Ella sonrió y rió. Abrió los brazos para recibirlo y los cerró para dar vueltas y más vueltas encima de la arena. Las pisadas señalaban su paso.
«Necesitaba a Nivea y la devolví de la muerte. Si puedo hacer esto, también puedo hacer realidad el agua».
La tierra de ensueño se acercaba. El hombre se mantuvo en las crestas de las dunas para no perder de vista el sitio. Su mente moldeaba las sombras y las convertía en palmeras. Sus pensamientos excavaban un cauce subterráneo de arcilla húmeda.
—Justo allí hay un recodo fresco tras el que corre el agua y hay una charca, profunda y cristalina. Las palmeras se inclinan por doquier y a un lado hay una cueva en la roca donde nace el río.
Los vio en la realidad, pero la realidad es diferente de los sueños. Cuando Íxidor se acercó, las sombras le explicaron una historia muy distinta. El recodo por donde debía haber aparecido el agua no era más que un oscuro banco de arena cavado por el capricho del viento. La jungla que debería haber sido un palmeral no era más que la sombra engañosa de la ladera de una duna. Y la boca de la cueva no era nada.
Íxidor no se detuvo como la vez anterior. Siguió avanzando; preso no de desesperación, sino de rabia. ¿Cómo se atrevía a negárselo el mundo? ¿Cómo osaba el desierto a resistirse? No le había ofrecido más que una muerte inaceptable tras otra. Íxidor estaba furioso. Pasó la mirada por el paisaje, cambiando su configuración con los ojos.
«Esto es un arroyo. Esto es una palmera. Esto es una cueva».
El fantasma de mujer se deslizó por la escena. En un aura en torno a ella, el lugar se transformó. Trajo la belleza del día al nocturno desierto, pero los cambios no permanecieron. Todo volvió a ser polvo.
Al fin, Íxidor estaba en medio de aquel sitio ilusorio y desolado. No había arroyo, ni árboles, ni charca. Hasta su musa había renunciado a la forma de fantasma. Estaba solo en medio de la nada. Únicamente le rodeaba la arena cruel y el viento asesino. Aun así, Íxidor no se sentó. La rabia le recorría la columna vertebral.
Cerró los ojos. Se imaginó el agua onda por onda, tocó la húmeda ribera, olió las olas y oyó sus múltiples murmullos.
Íxidor se arrodilló. Hundió los dedos en el agua y los deslizó por ella. Cerró las manos y sacó un puñado goteante.
Entreabrió los ojos y vio que la arena le llenaba las manos.
No le importó. Volvió a cerrarlos, levantó las manos y se la bebió. Estaba fría y deliciosa, le llenó la boca y le rodó por la barbilla. Tragó. El agua le llenó de felicidad todo el cuerpo. O estaba muriendo en un éxtasis de engaño o estaba bebiendo, bebiendo de verdad.
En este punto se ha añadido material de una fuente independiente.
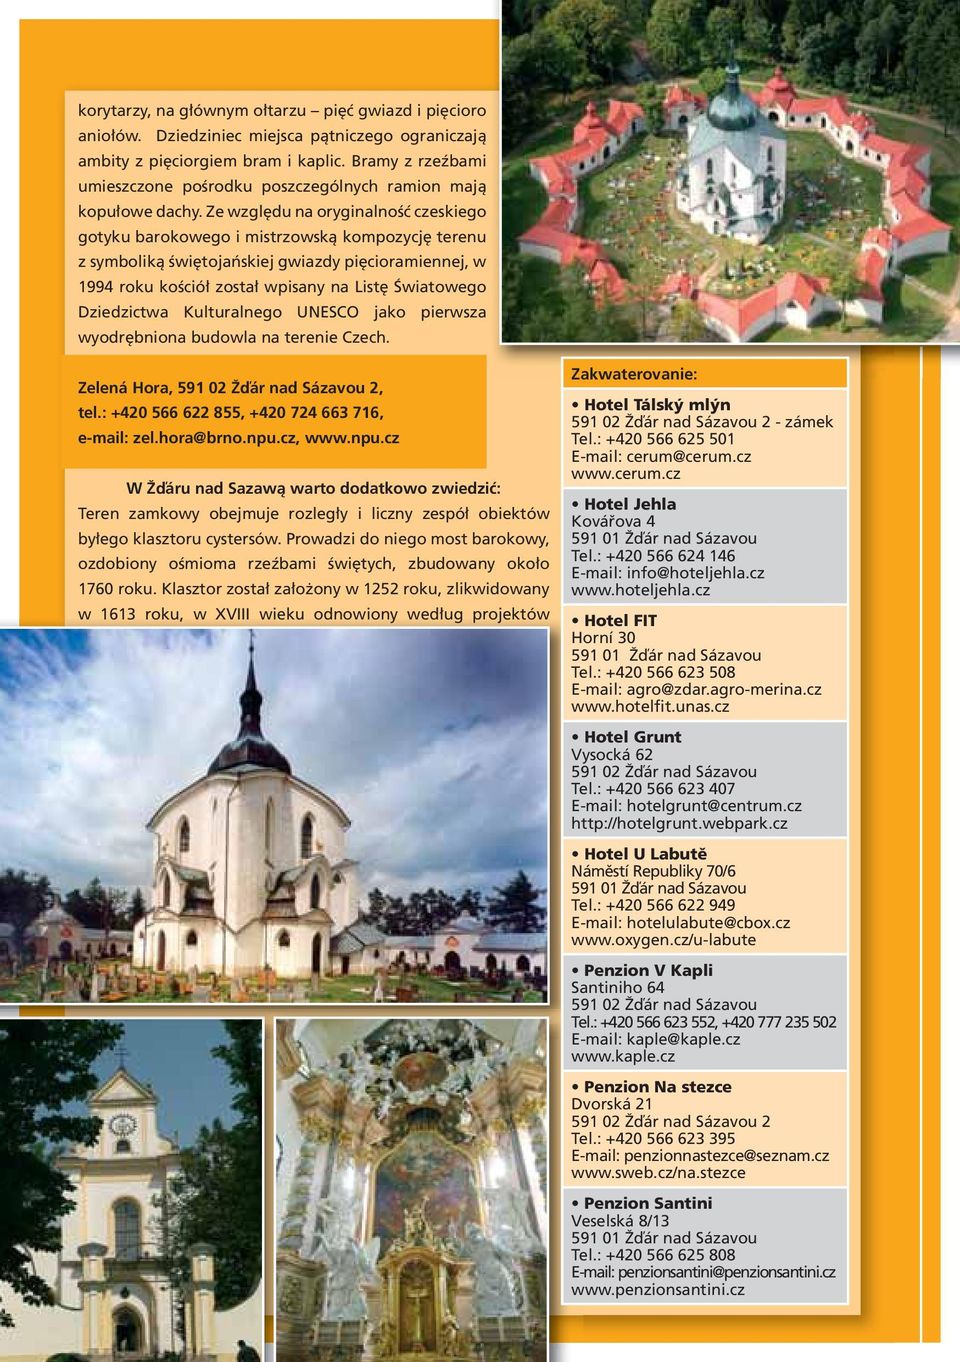 Ze względu na oryginalność czeskiego gotyku barokowego i mistrzowską kompozycję terenu z symboliką świętojańskiej gwiazdy pięcioramiennej, w 1994 roku kościół został wpisany na Listę Światowego

Dejando caer el resto de agua, se acuclilló y abrió los ojos lentamente.
Ante él se extendía el oasis, justo como se lo había imaginado. Un torrente corría, ancho y paciente, por un lecho de arcilla. Se perdía en un suave recodo. Más allá, las palmeras clavaban las raíces en el agua y cerraban la fronda en lo alto. Al final del exuberante palmeral una cueva abría la boca para engullir al río.
Era real, todo ello, y no sólo como había esperado que sería. Era real como sabía que sería.
O bien eso, o bien estaba loco y no bebía más que puñados de arena.
¿Y qué importaba? Vive o muere, pero hazlo siendo feliz.
Cuando se inclinó para beber otra vez, su musa bailó en círculos alrededor de él. Juntos, fueron felices en su tierra de ensueño.